Ironman Mallorca

Es war schon ein tolles Gefühl, nach so langer Zeit wieder einmal ernsthaft bei einem Ironman Bewerb am Start zu stehen. Etwas Sorge hatte ich vor dem Start in der Masse, doch alles in allem kann sich das Ergebniss am Ende des Tages durchaus sehen lassen!


Bereits eine Woche vor dem Rennen flogen wir von Salzburg weg nach Mallorca. Gemeinsam mit einigen Trainingskollegen waren wir in der Nähe des Starts in einen großen Villa einquartiert. So konnten wir uns in Ruhe  vorbereiten und ganz gemütlich und entspannt die Zeit bis zum Rennen verbringen.

Am Samstag ging es dann um halb 8 Uhr in der Früh los.
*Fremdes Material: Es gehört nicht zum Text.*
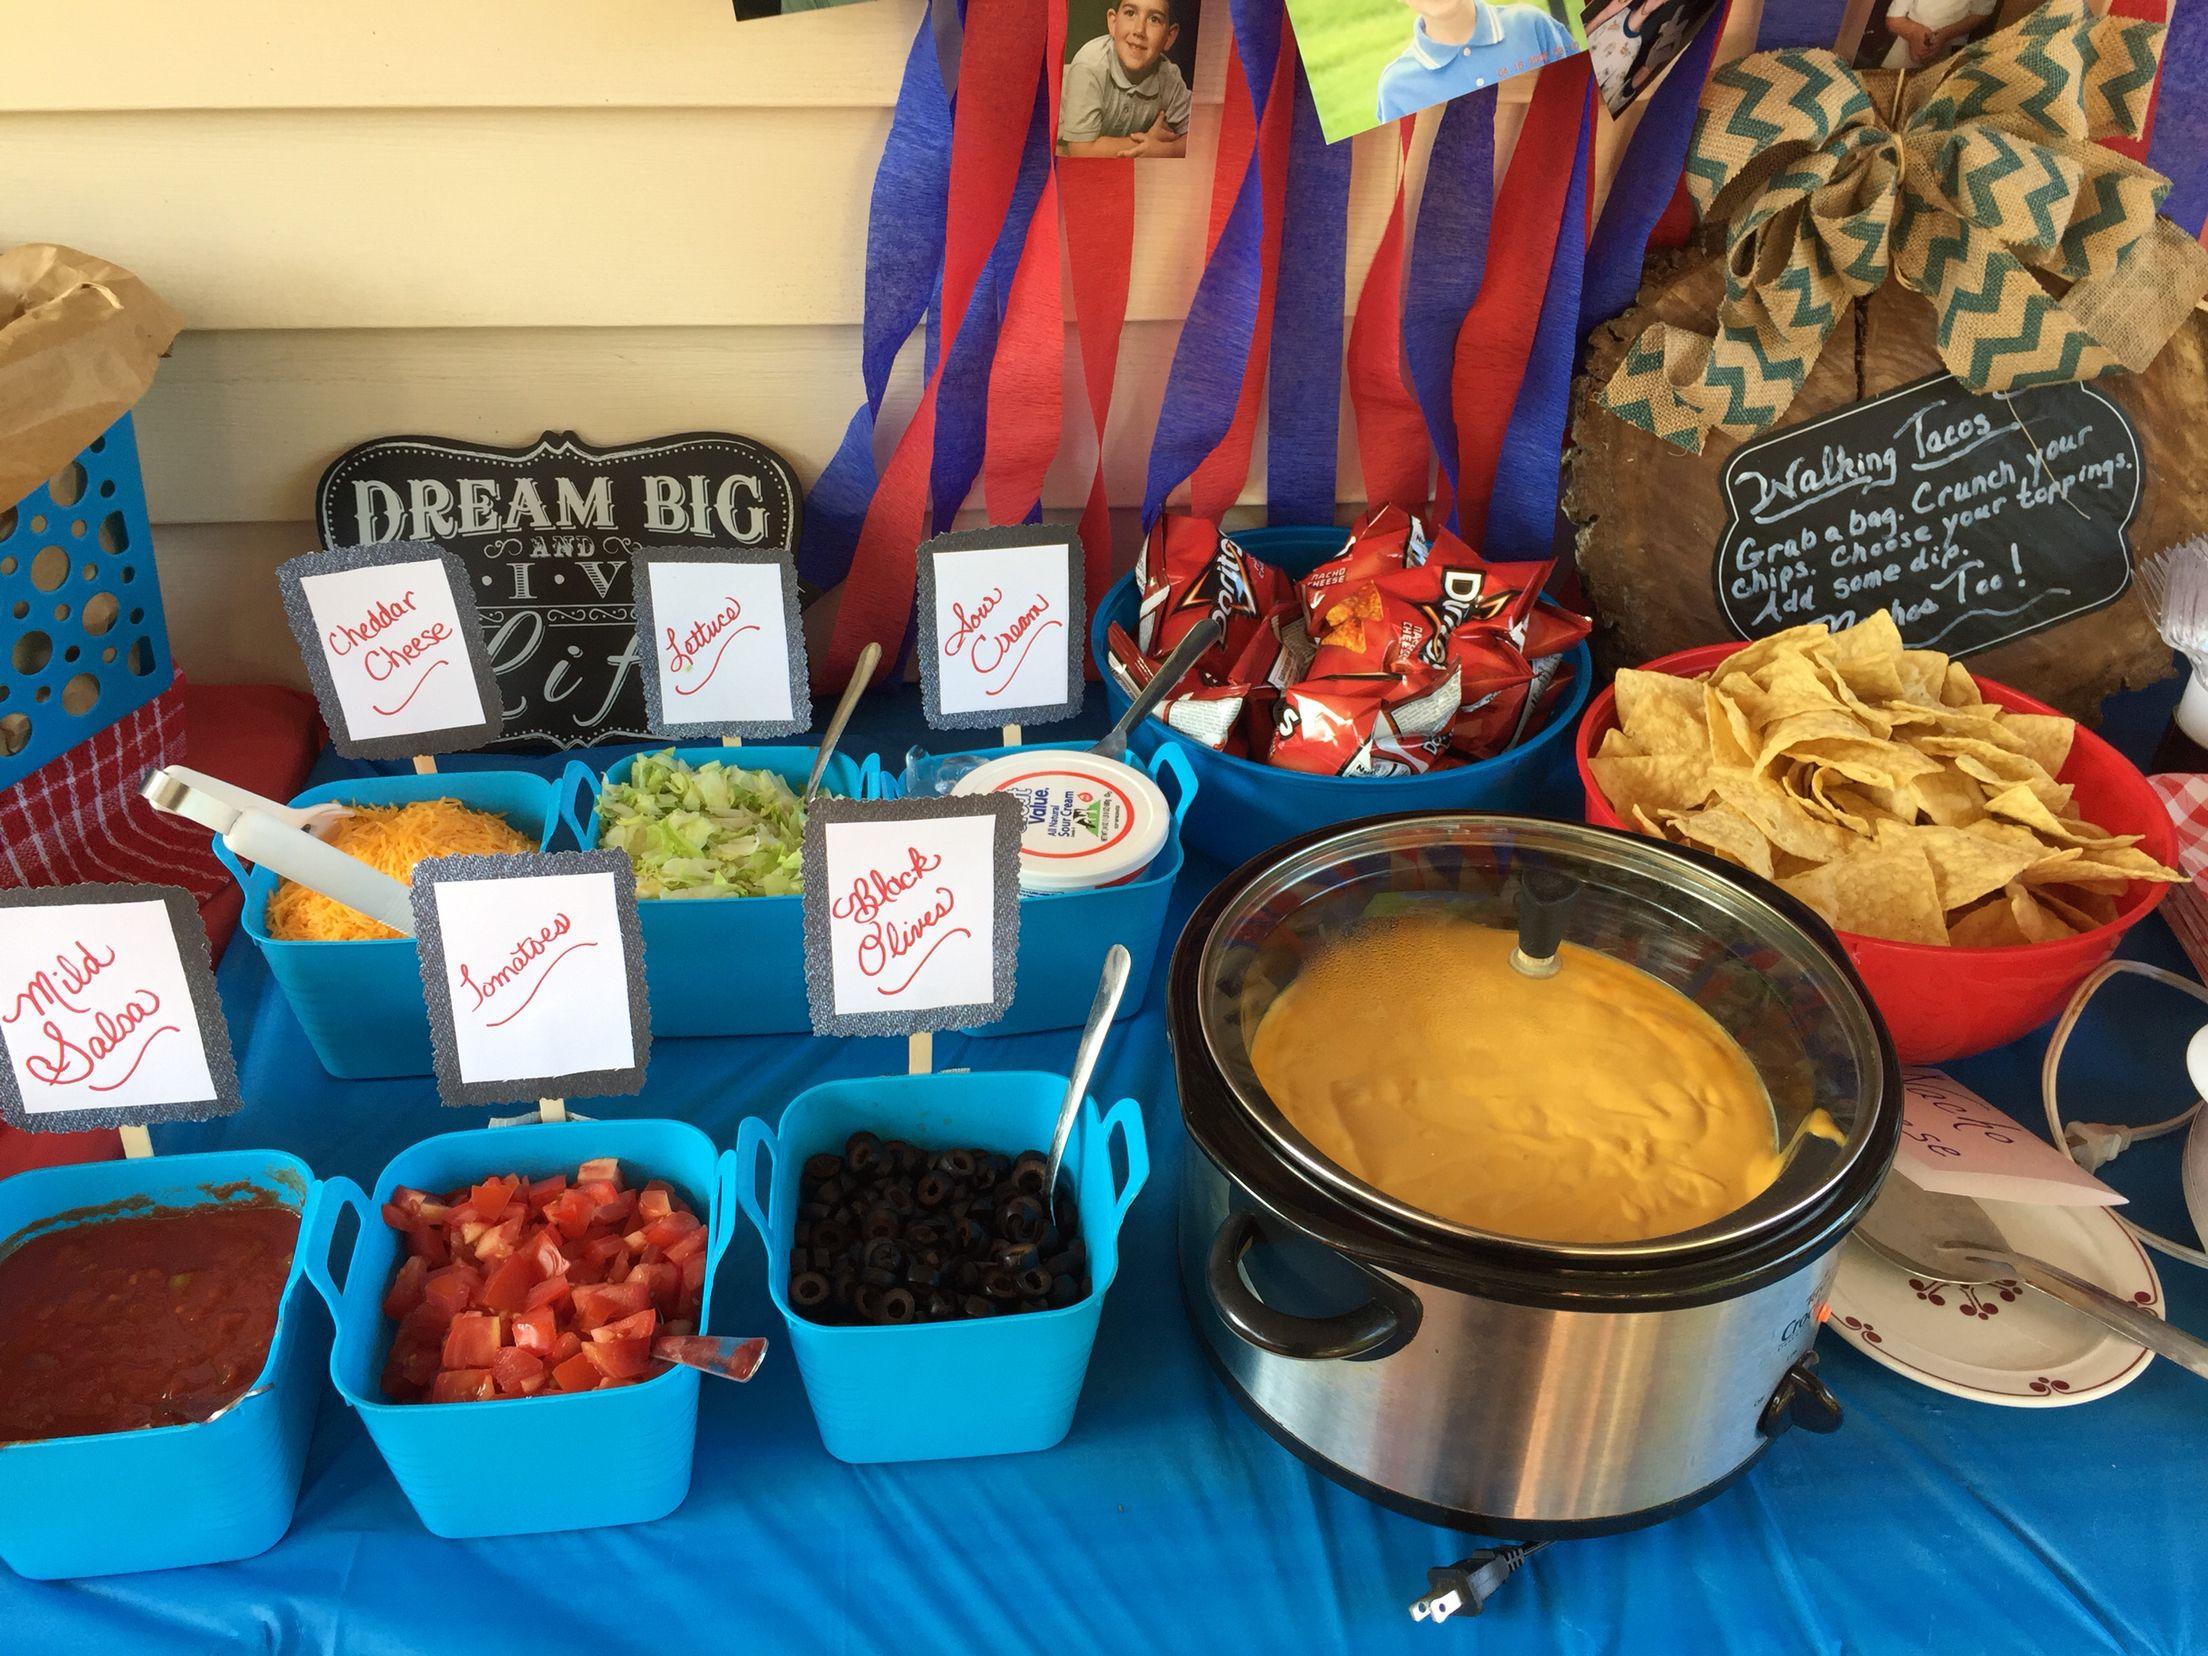 2017 05 potluck ideas for small groups - Walking Taco And Nacho Bar

Ich muss zugeben, auch wenn meine Erwartungen an das Rennen, auf Grund meiner doch sehr geringen Trainingsumfänge nicht sehr hoch waren, war ich dennoch sehr nervös. Geschwommen wurde ohne Neo. Ich suchte mir einen für mich idealen Startplatz ganz links außen. Ich wusste zwar, dass dies einen um einiges längeren Weg bedeutete, aber so konnte ich ohne Schläge einstecken zu müssen mein eigenes Tempo schwimmen.
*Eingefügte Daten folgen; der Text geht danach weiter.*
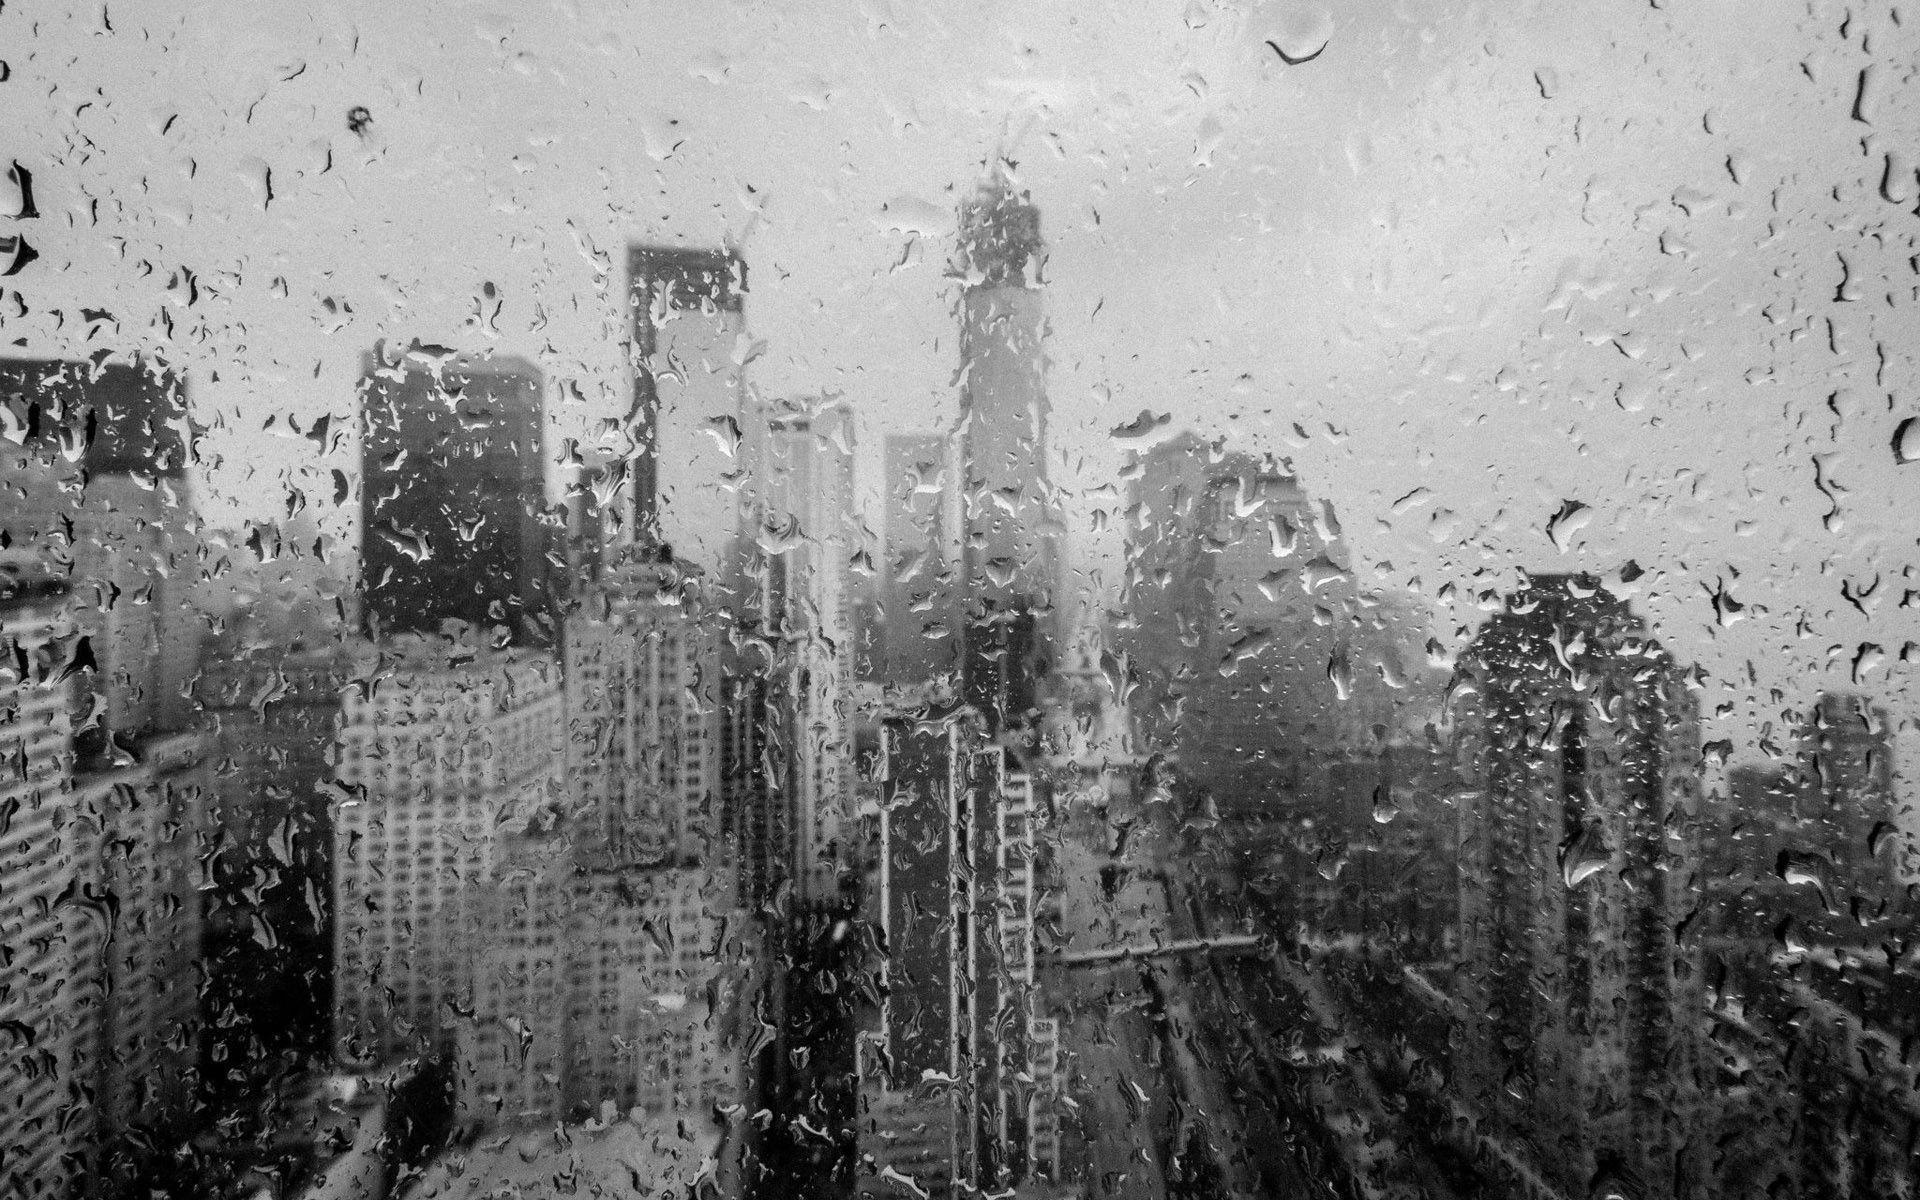 City View Through Wet Window Wallpaper

Nach 58 Minuten kam ich aus dem Wasser. Grundsätzlich für Meer und ohne Neo keine so schlechte Zeit, doch vermutlich war die Strecke nicht lange genug!
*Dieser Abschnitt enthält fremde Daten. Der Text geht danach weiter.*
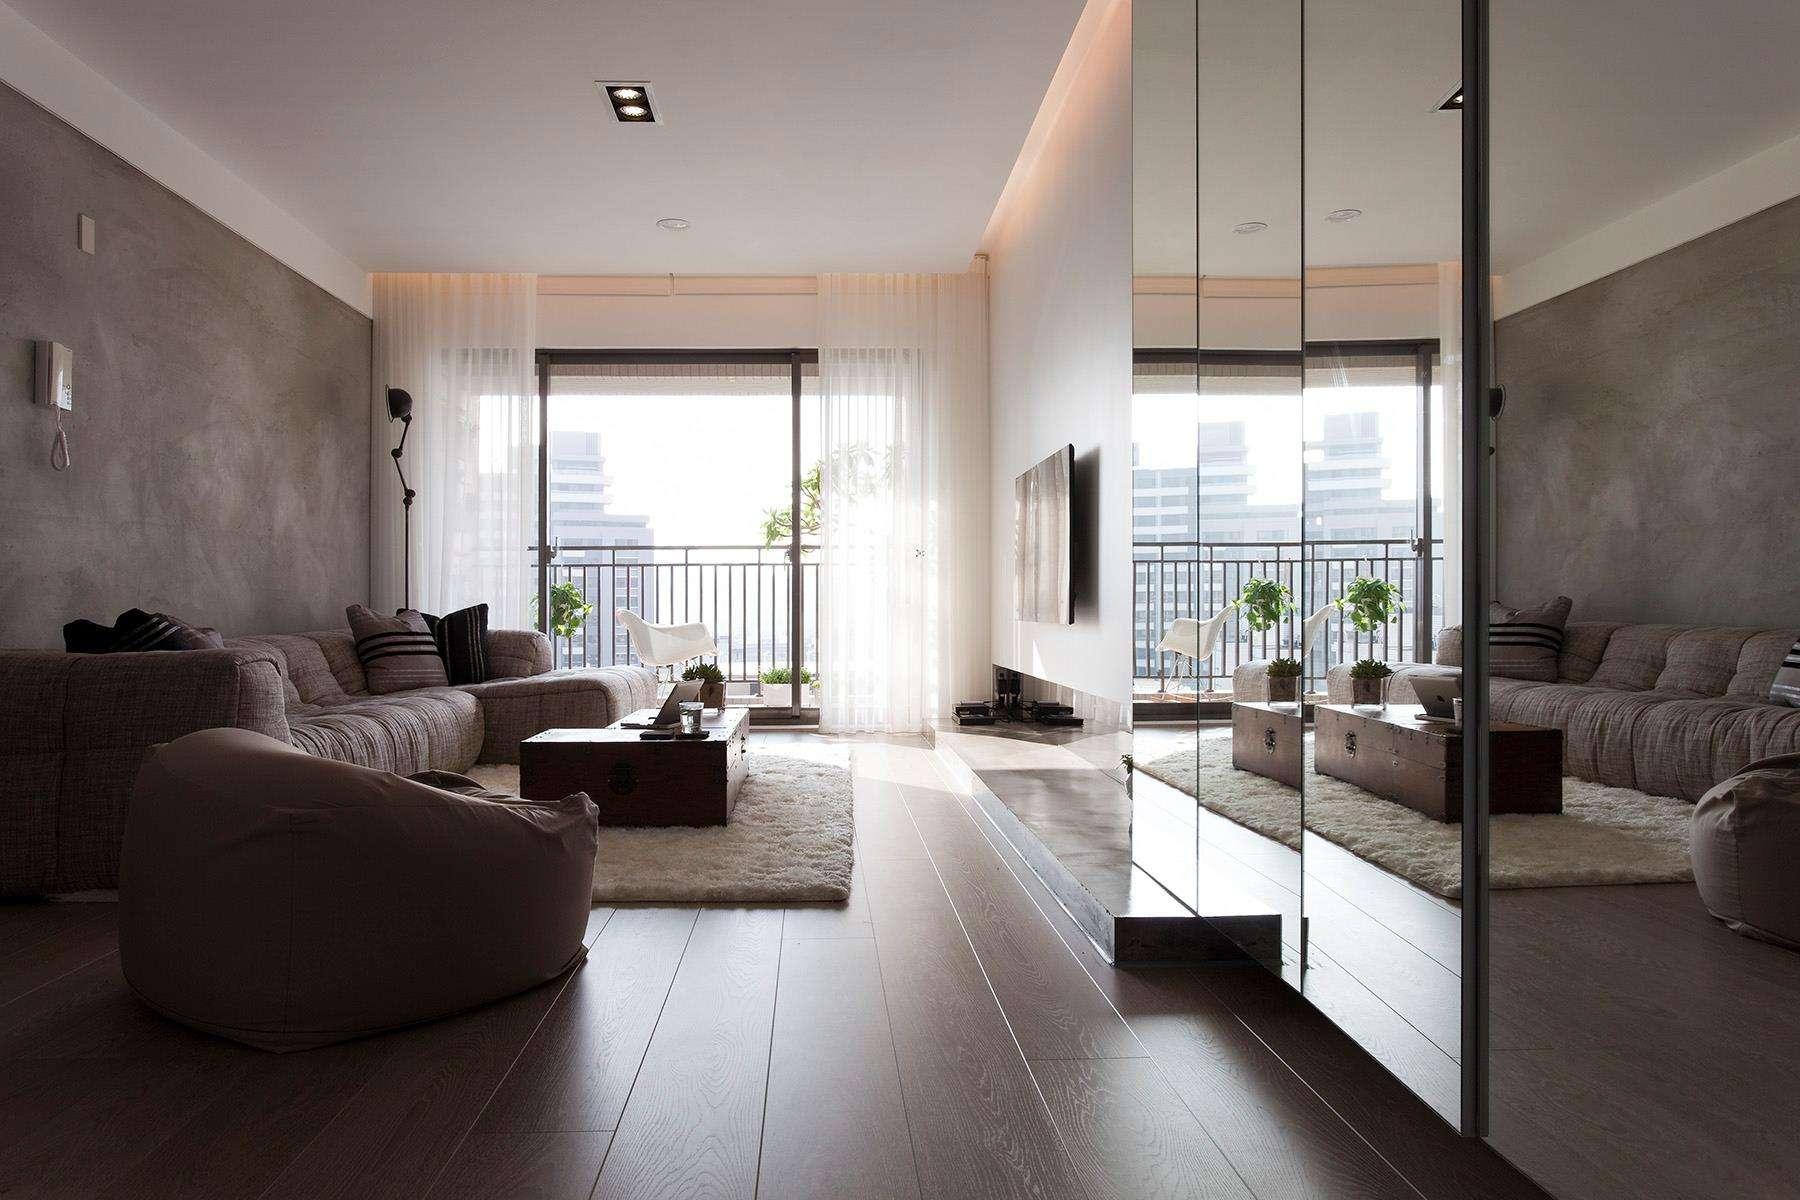 Однокомнатная квартира 40 кв м серый интерьер

Dafür hatte es die Radstrecke dann in sich. Das was das Höhenprofil nicht zeigte, zeigen vermutlich unsere sehr langsamen Zeiten. Der erste Teil des Kurses war sehr wellig, aber schnell. Ich hatte von Anfang an ein sehr gutes Gefühl, war aber doch überrascht, wie viele Männer schneller geschwommen waren wie ich. Die ersten 30 Kilometer war ich nur am Überholen doch dann kamen so nach und nach von hinten die Gruppen, und ganz ehrlich.... nach ca. 50km war für mich klar, dass ich mich am Ende des Tages nicht über die Windschattenfahrer ärgern würde und so folgte ich in nicht mehr ganz so fairem Abstand den Gruppen. Bei Kilometer 110 war dann so und so Schluss damit, denn da kam dann der Anstieg hinauf nach Kloster Lluc gefolgt von einer spektakulären und sehr Kurvenreichen Abfahrt. Nach 181km stieg ich dann vom Rad ab. Ich freute mich aufs Laufen, doch etwas Probleme bekam ich auf der ersten Runde, da ich offensichtlich gegen Ende der Radstrecke zu wenig getrunken hatte und die erste Lauflabe erst nach 3 Kilometer kam. Ab Kilometer 7 kam ich dann in Schwung und von da an zog ich meinen Marathon durch. Zwar immer noch mit angezogener Handbremse aber zumindest ohne Gehpausen. Nach 42 sehr kurvenreichen Kilometern legte ich am Ende sogar noch einen 300m langen Zielsprint hin um die beiden noch vor mir liegenden Damen zu überholen. :-)

Nach 10.08.08 war ich dann im Ziel. Gesamt 12. Dame (Platz drei bei den Alten)! Es geht ja doch noch. Die Zeit ist sicher nicht die schnellste, doch bei einer Siegerzeit von 9.25 Stunden schaut das Ganze gleich wieder viel besser aus.

 

Das Rennen hat mir wieder ordentlich Motivation gegeben. Ich bin sehr zufrieden mit meiner Leistung und denke, darauf kann ich für das kommende Jahr sicher wieder ganz gut aufbauen!